17 Tedy posławszy król Sedekijasz, wziął go, i pytał go król w domu swoim potajemnie, mówiąc: Jestże jakie słowo od Pana? I odpowiedział Jeremijasz: Jest; przytem rzekł: W rękę króla Babilońskiego podany będziesz.
Or, le roi Sédécias l’envoya chercher et l’interrogea secrètement en son palais en lui disant: "Y a-t-il une communication de la part de l’Eternel?" Jérémie répondit: "Il y en a;" il ajouta: "Tu seras livré aux mains du roi de Babylone."
18 Nadto rzekł Jeremijasz do króla Sedekijasza: Cóżem zgrzeszył przeciwko tobie, i sługom twoim, i ludowi twemu, żeście mię podali do tego domu więzienia?
Jérémie dit encore au roi Sédécias: "Quel crime ai-je commis contre toi, tes serviteurs et ce peuple, que vous m’ayez enfermé dans la maison de détention?
19 I gdzież są prorocy wasi, którzy wam prorokują, mówiąc: Nie przyjdzie król Babiloński na was, ani na tę ziemię?
Où sont donc vos prophètes qui vous ont fait cette prédiction: Jamais le roi de Babylone ne marchera contre vous et contre ce pays?

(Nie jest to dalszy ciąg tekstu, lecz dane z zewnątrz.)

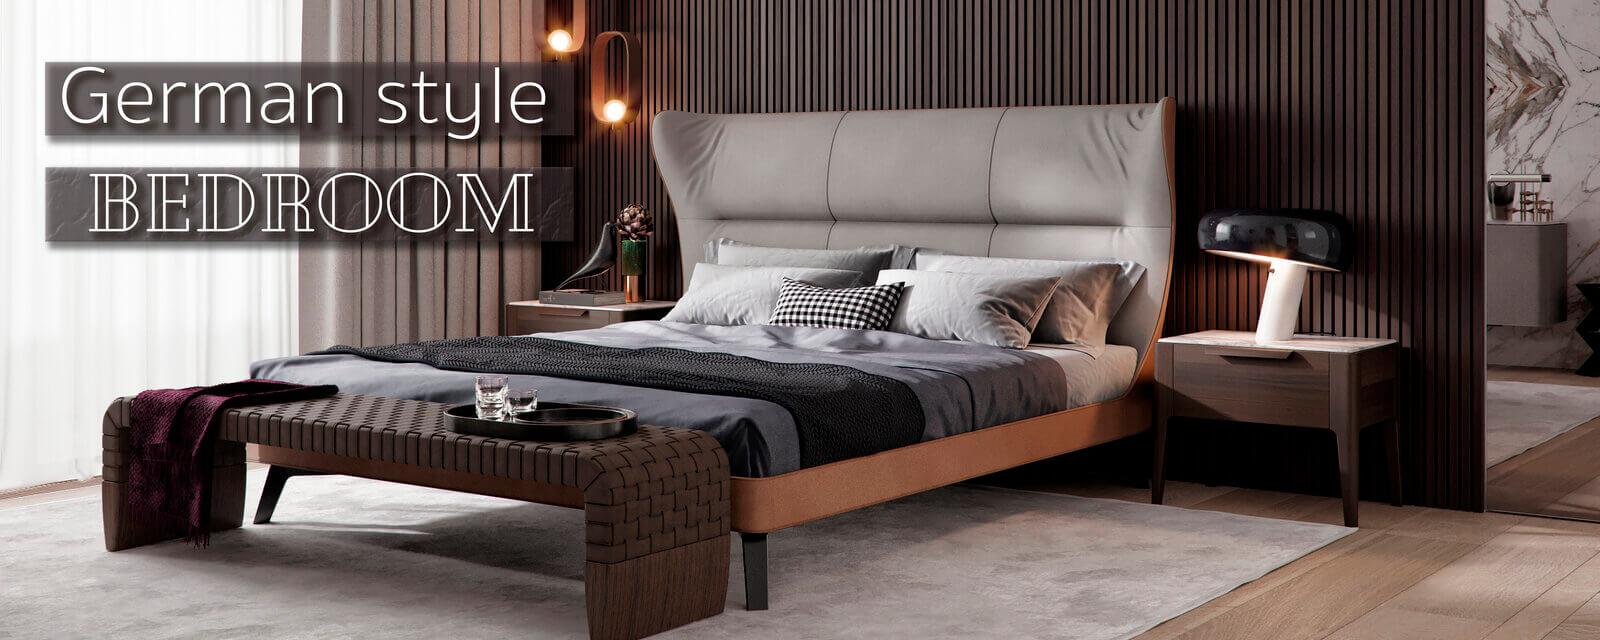 German Style | Bedroom

20 Słuchajże teraz, proszę, królu, panie mój! niech będzie, proszę, ważna prośba moja przed tobą: Nie odsyłajże mię do domu Jonatana pisarza, abym tam nie umarł.

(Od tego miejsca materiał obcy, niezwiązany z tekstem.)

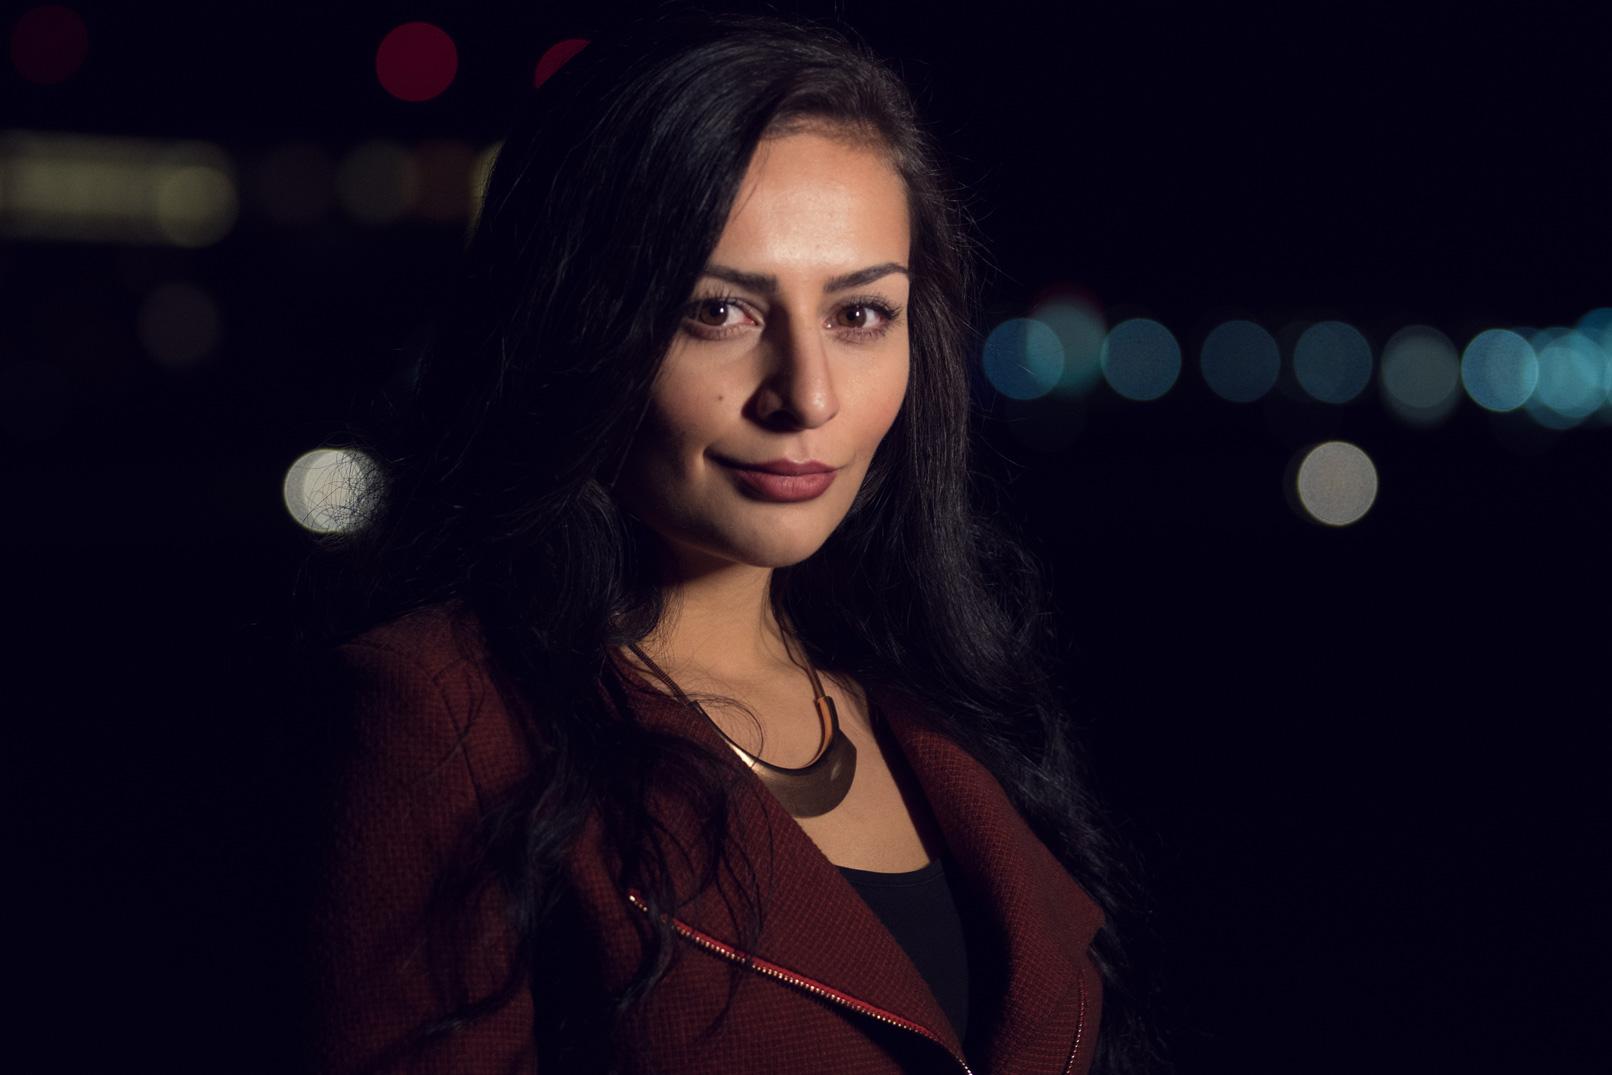 Porträt einer Frau bei Nacht mit Bokehs im Hintergrund.

Et maintenant écoute, de grâce, ô Seigneur roi, et laisse ma supplication arriver jusqu’à toi: Ne me fais pas rentrer dans la maison de Jonathan, le secrétaire, sans cela, ma mort est certaine."
21 A tak rozkazał król Sedekijasz, aby wsadzony był Jeremijasz do sieni straży, a iżby mu dawano bochenek chleba na dzień z ulicy piekarskiej, pókiby nie był strawiony wszystek chleb w mieście. A tak siedział Jeremijasz w sieni straży.
Le roi Sédécias donna des ordres, à la suite desquels on mit Jérémie sous garde dans la cour de la geôle; et chaque jour on lui fournissait une miche de pain de la rue des boulangers, jusqu’au moment où le pain vint à manquer tout à fait dans la ville. Jérémie demeura donc dans la cour de la geôle.